Bug #108196 mysql-operator is unable to start pods by PodSecurityPolicy
Submitted: 19 Aug 2022 9:43 Modified: 14 Dec 2022 22:05
Reporter: Günter Prossliner Email Updates:
Status: Closed Impact on me:
None 
Category:MySQL Operator Severity:S3 (Non-critical)
Version:mysql-operator:2.0.5 OS:Any
Assigned to: CPU Architecture:Any

[19 Aug 2022 9:43] Günter Prossliner
Description:
I'm evaluating to use the mysql-operator to setup 'ImmoDbCluster' objects on a shared Kubernetes cluster.

We have some PodSecurityPolicies in place, so not all capabilities are available for user workloads.

If I create a `ImmoDbCluster` object like documented at https://dev.mysql.com/doc/mysql-operator/en/mysql-operator-innodbcluster-simple-kubectl.ht..., the StatefulSet is getting created, but it fails to create any pods with the following events:

'create Pod mycluster-0 in StatefulSet mycluster failed error: pods "mycluster-0" is forbidden: PodSecurityPolicy: unable to admit pod: [spec.initContainers[2].securityContext.capabilities.add: Invalid value: "DAC_OVERRIDE": capability may not be added spec.initContainers[2].securityContext.capabilities.add: Invalid value: "SETGID": capability may not be added'

By checking the generated manifest, the following capabilities are added:

        securityContext:
          capabilities:
            add:
            - DAC_OVERRIDE
            - SETGID
            - SETUID
            - SYS_NICE
            - SYS_RESOURCE

If the `InnoDbCluster` object is created in a system namespace, where no PodSecurityPolicy is configured, it seems to work ok.

Granting SETGID/SETUID/DAC_OVERRIDE is like granting root, which is not possible 
with our Security Policy in place.

We already have multiple mysql & mariadb pods running (without using the mysql-operator), and none of them needs such powerful capabilities.

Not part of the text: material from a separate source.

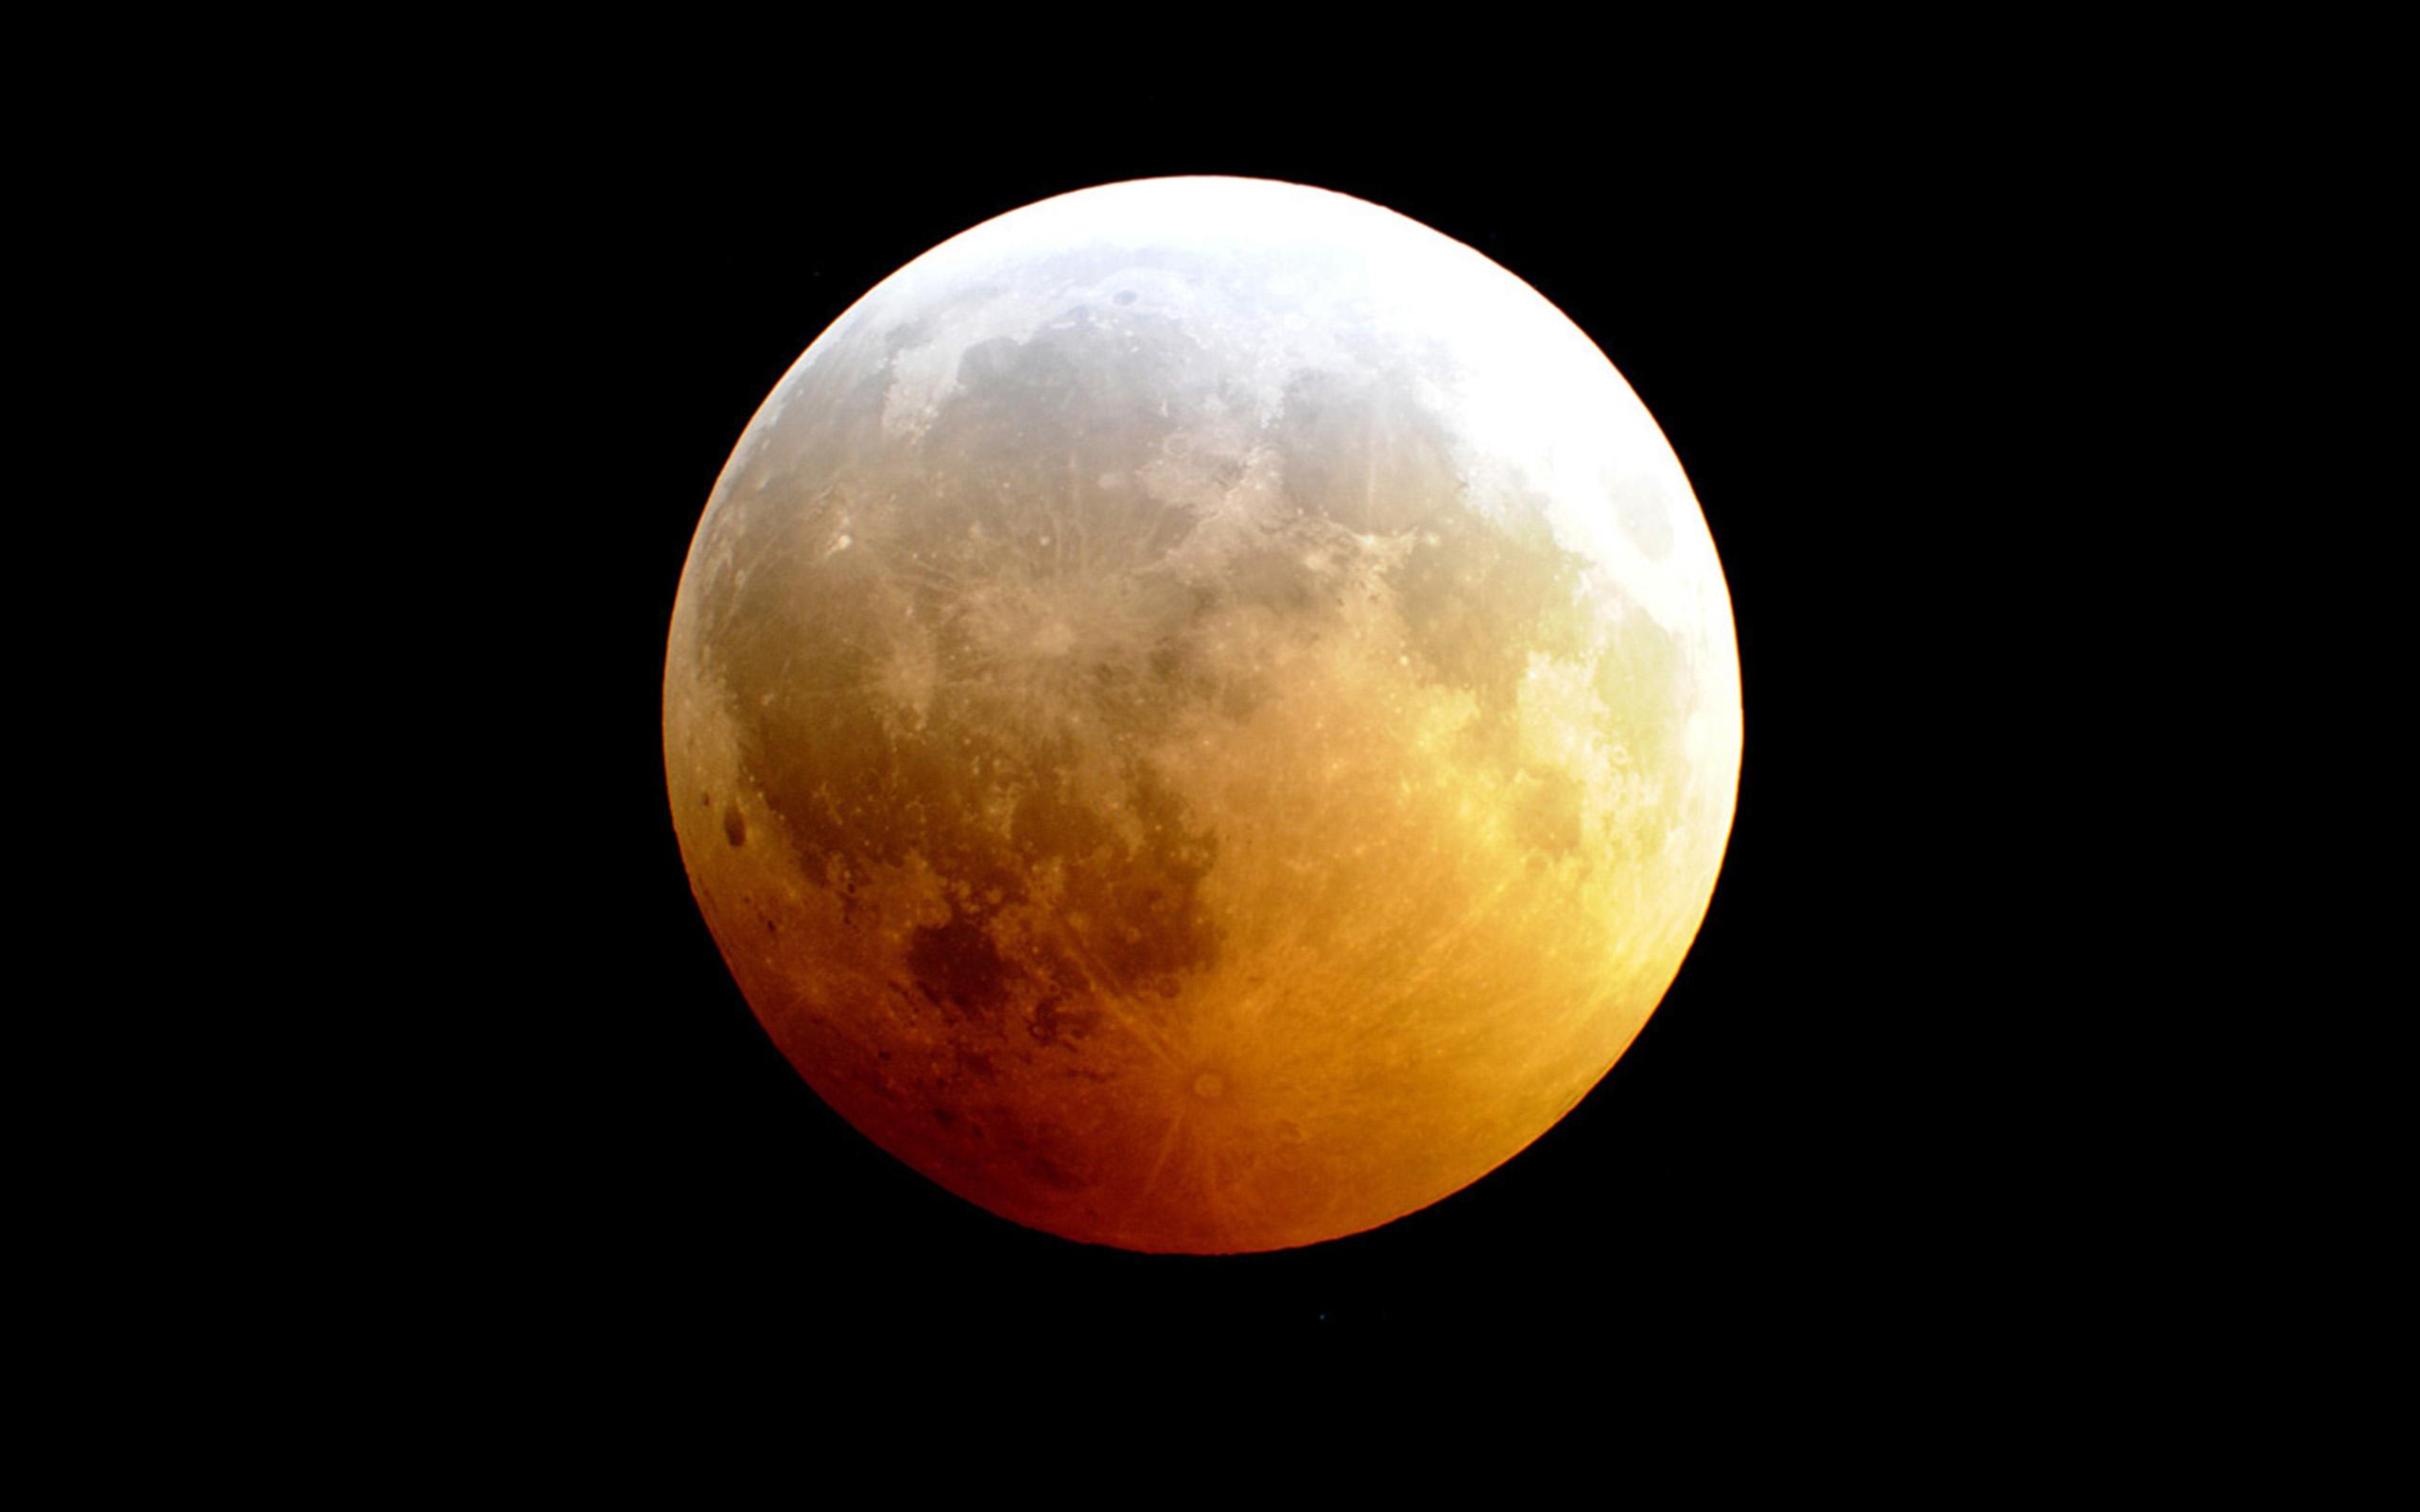 Lune Fond d'écran HD | Arrière-Plan | 2560x1600 | ID:431666 - Wallpaper Abyss
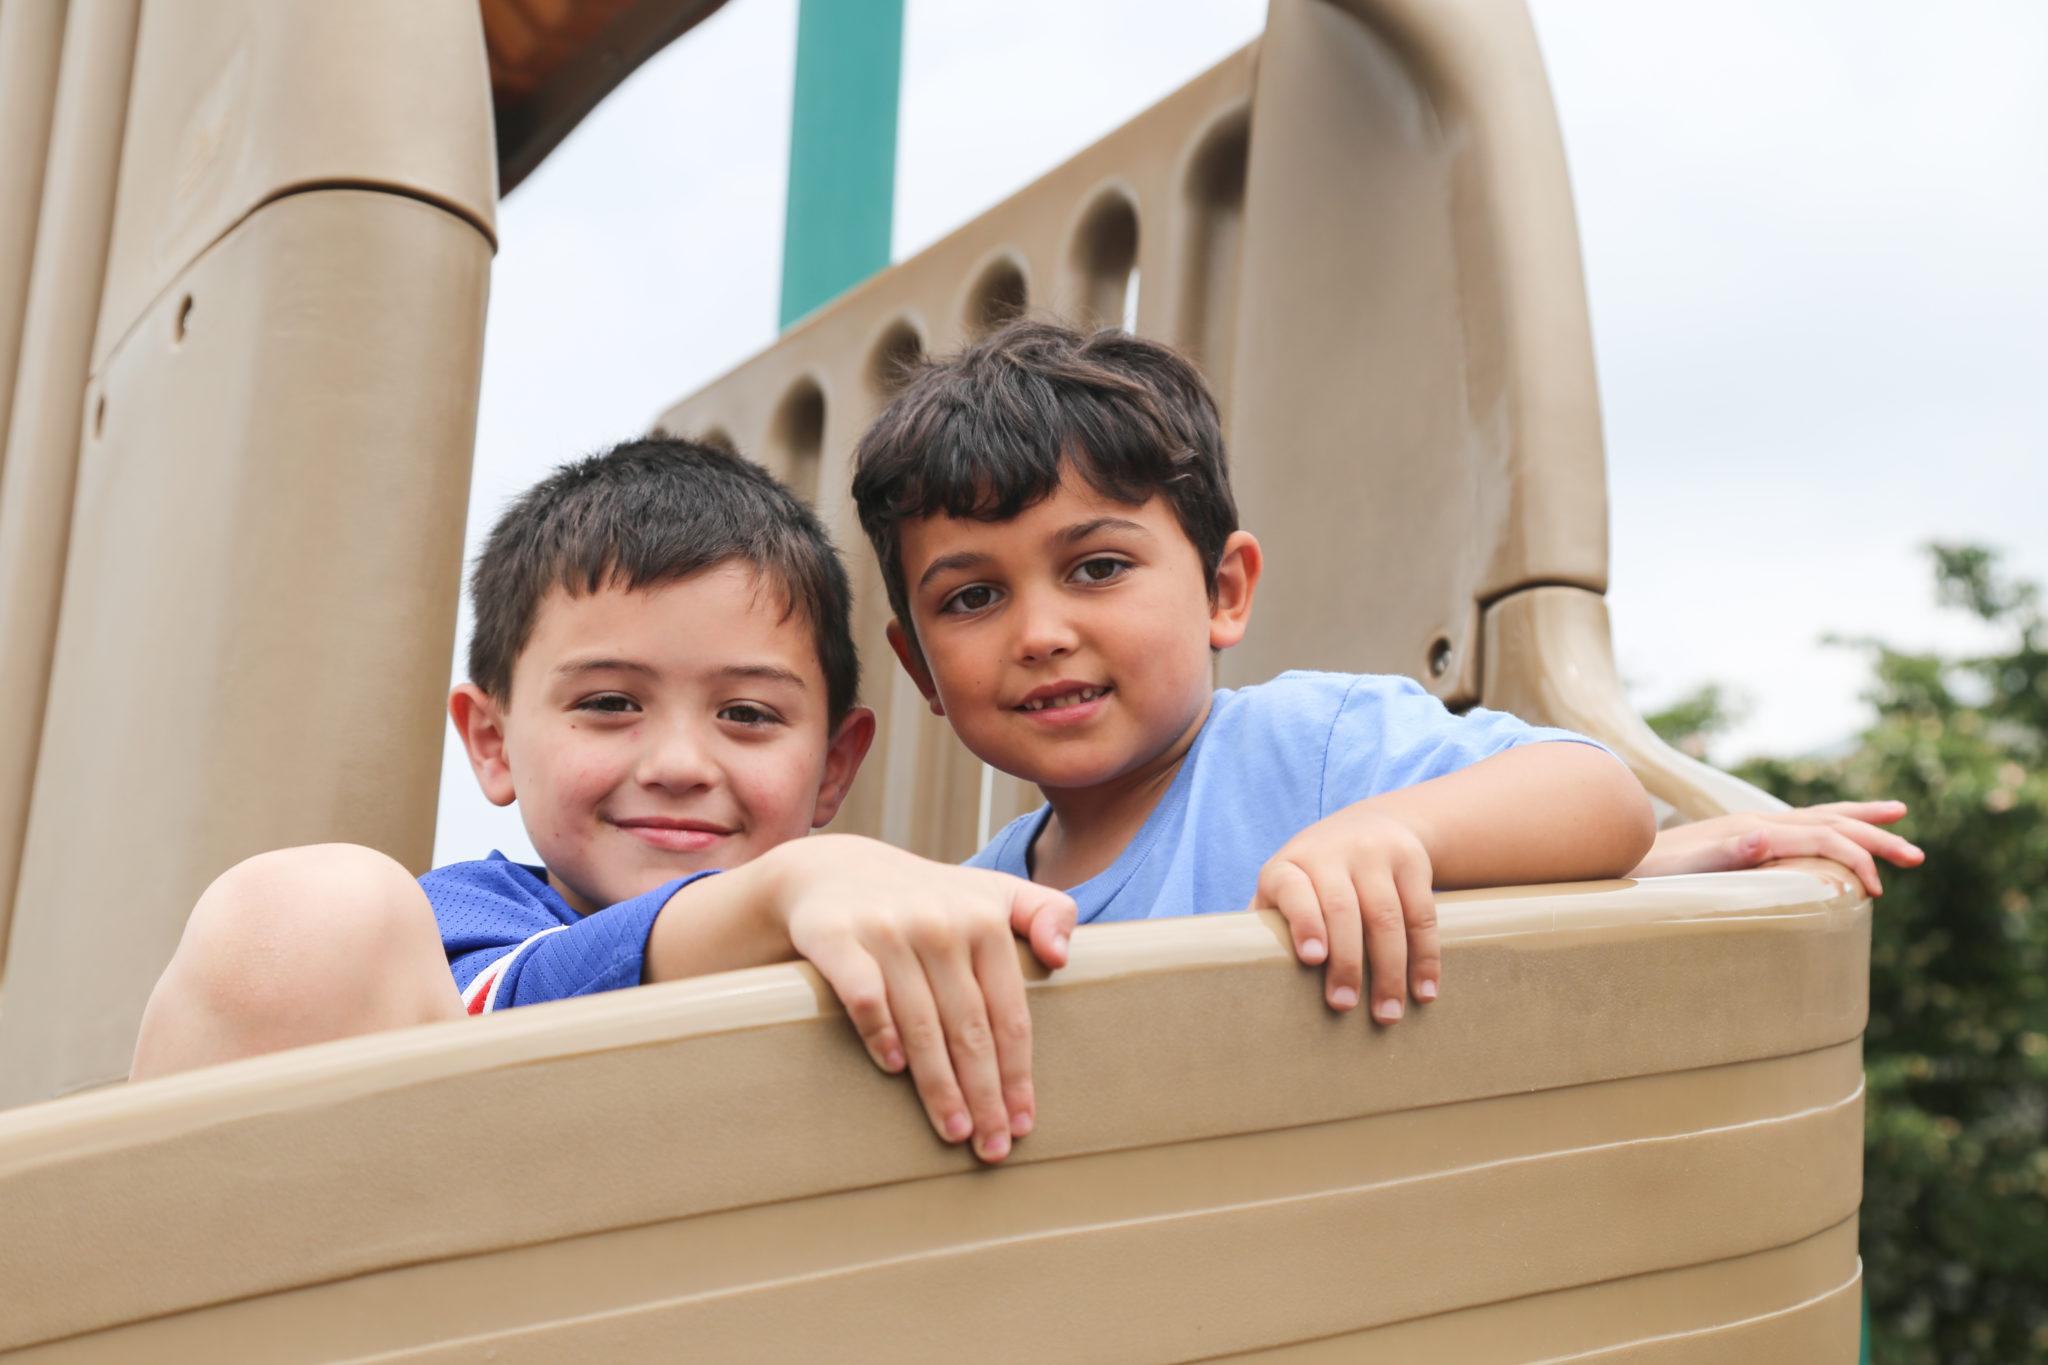 students sitting on slide smiling

Is there a way to instruct the operator to be compilant with our Security Policy, which doesn't allow any of these capabilites?

How to repeat:
Using a cluster-admin account, install the operator as documented here: https://dev.mysql.com/doc/mysql-operator/en/mysql-operator-installation-helm.html

Using a cluster-admin account, apply the following PodSecurityPolicy to the default (=user) namespace:

spec:
  allowPrivilegeEscalation: false
  defaultAllowPrivilegeEscalation: false
  fsGroup:
    rule: RunAsAny
  runAsGroup:
    rule: RunAsAny
  runAsUser:
    rule: RunAsAny
  seLinux:
    rule: RunAsAny
  supplementalGroups:
    rule: RunAsAny
  volumes:
  - emptyDir
  - secret
  - persistentVolumeClaim
  - downwardAPI
  - configMap
  - projected

Create a InnoDbCluster object in the default namespace like documented here: https://dev.mysql.com/doc/mysql-operator/en/mysql-operator-innodbcluster-simple-kubectl.ht...
[22 Aug 2022 16:17] MySQL Verification Team
Hi,

I do not personally think this is a bug but I will double check with our k8s expert. In the meantime, contacting MySQL Support would be the best way to solve the problem you are having.

Thanks for the report
[31 Aug 2022 12:35] Günter Prossliner
Thank you for your comment! The reason why I consider this as a (potential) bug is,

1. When using the offical docker mysql image (https://hub.docker.com/_/mysql), you don't have to grant those capabilities, it runs even without any additional capabilities set.

2. Even when the CAP_SETUID / CAP_SETGID is not granted at the host level, the container process still can use setuid(), but it's isolated in the container.
  
  # test setuid in container
  docker run python python -c "import os; print(os.getuid());os.setuid(1);print(os.getuid())"

There should be an option to customize / disable the capabilities requested by the operator.
[31 Aug 2022 13:00] Günter Prossliner
This is the commit when those changes have been introduced:

22-03-09 by ahorcom 

https://github.com/mysql/mysql-operator/commit/88c40d4032ecedbf197810203039bc4e68f3c6e4
[14 Dec 2022 22:05] Philip Olson
Posted by developer:
 
Fixed as of the upcoming MySQL Operator 8.0.32-2.0.8 release, and here's the proposed changelog entry from the documentation team:

Altered security context capabilities by changing the following
privileges from 'add' to 'drop': DAC_OVERRIDE, SETGID, SETUID, SYS_NICE,
and SYS_RESOURCE.

Thank you for the bug report.